_Problem to work on_: Using the data below, reproduce exactly the lines from the line with "Wellness Shots made from Ginger and Turmeric" to the line with "Sorry Ladies Im", both included; pictures must be dropped.

START Listed entries

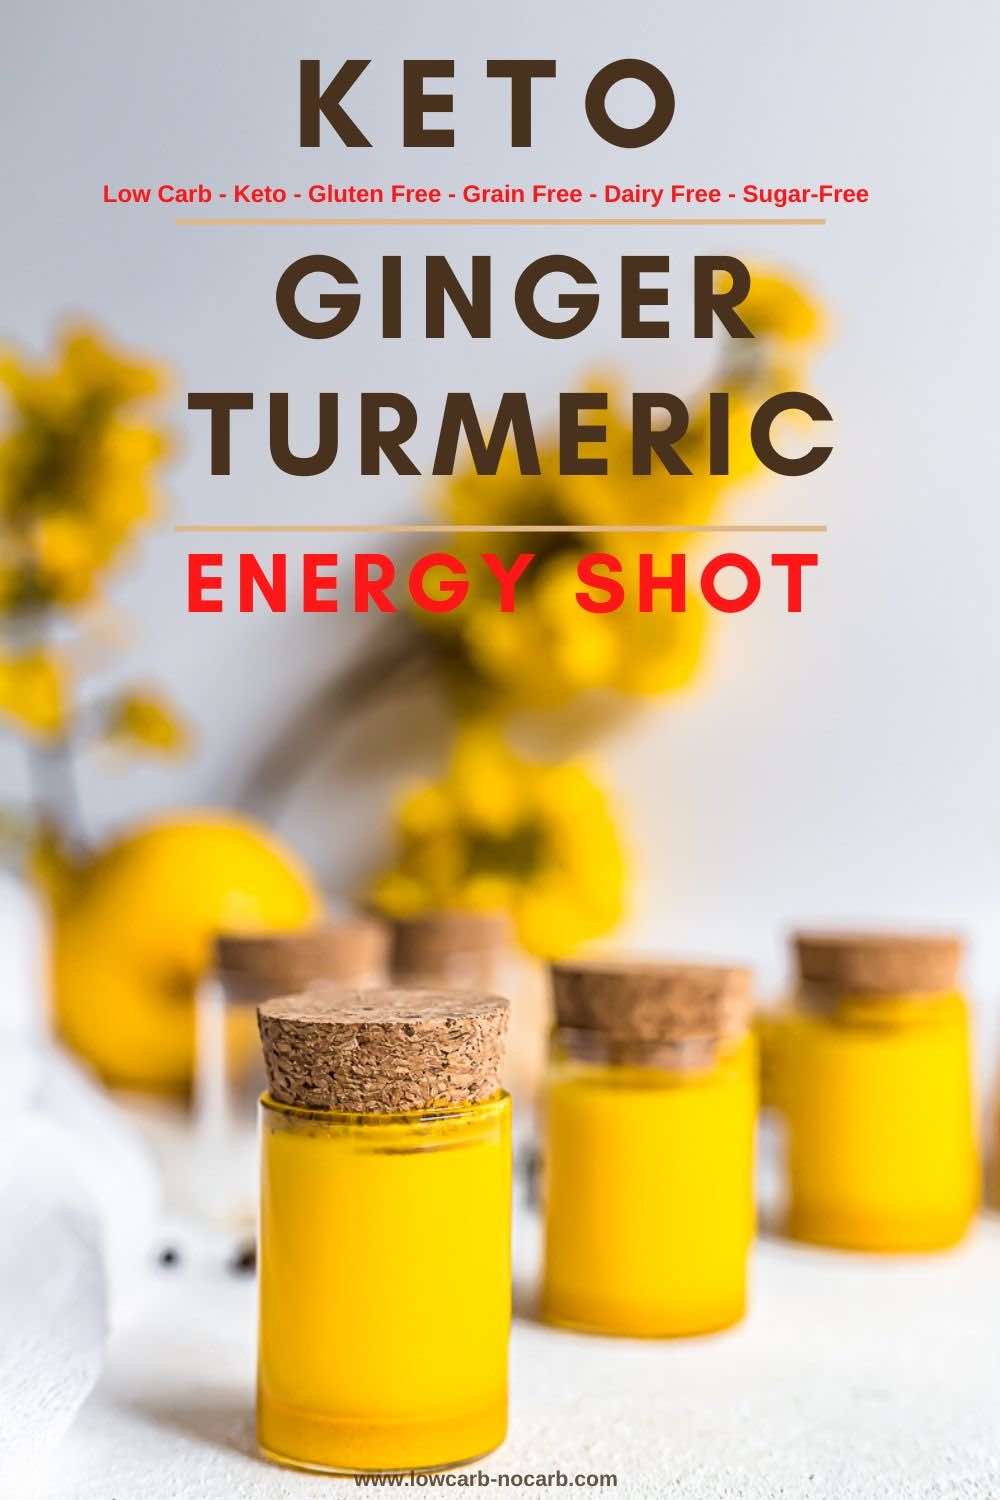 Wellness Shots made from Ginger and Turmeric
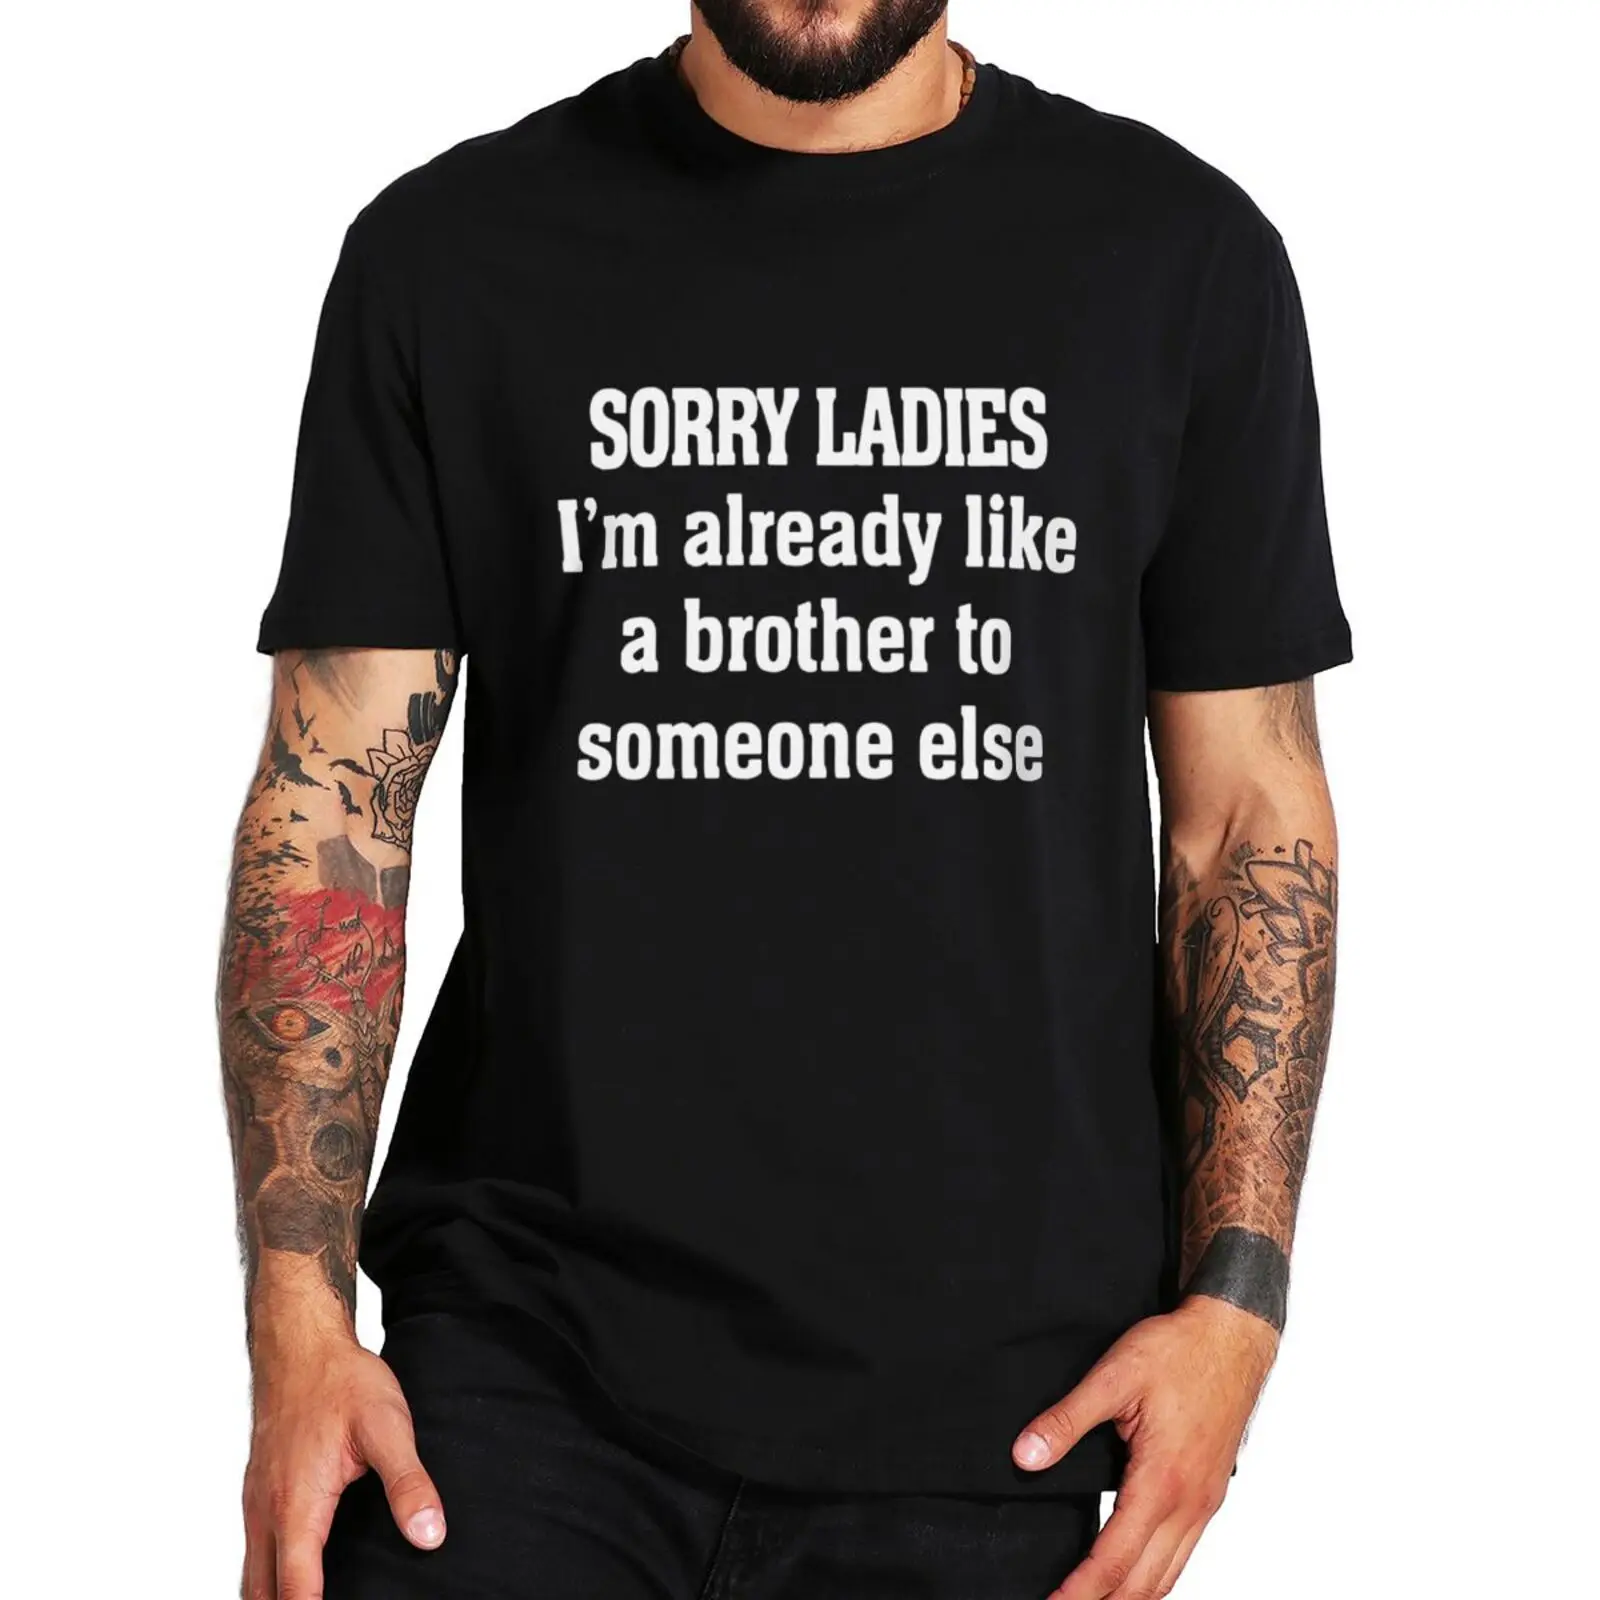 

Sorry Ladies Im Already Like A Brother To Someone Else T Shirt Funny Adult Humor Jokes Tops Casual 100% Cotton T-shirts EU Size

END Listed entries
START Listed entries

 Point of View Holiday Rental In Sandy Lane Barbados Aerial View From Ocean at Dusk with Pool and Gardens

END Listed entries

_Response for this exercise_:
 Wellness Shots made from Ginger and Turmeric

Sorry Ladies Im Already Like A Brother To Someone Else T Shirt Funny Adult Humor Jokes Tops Casual 100% Cotton T-shirts EU Size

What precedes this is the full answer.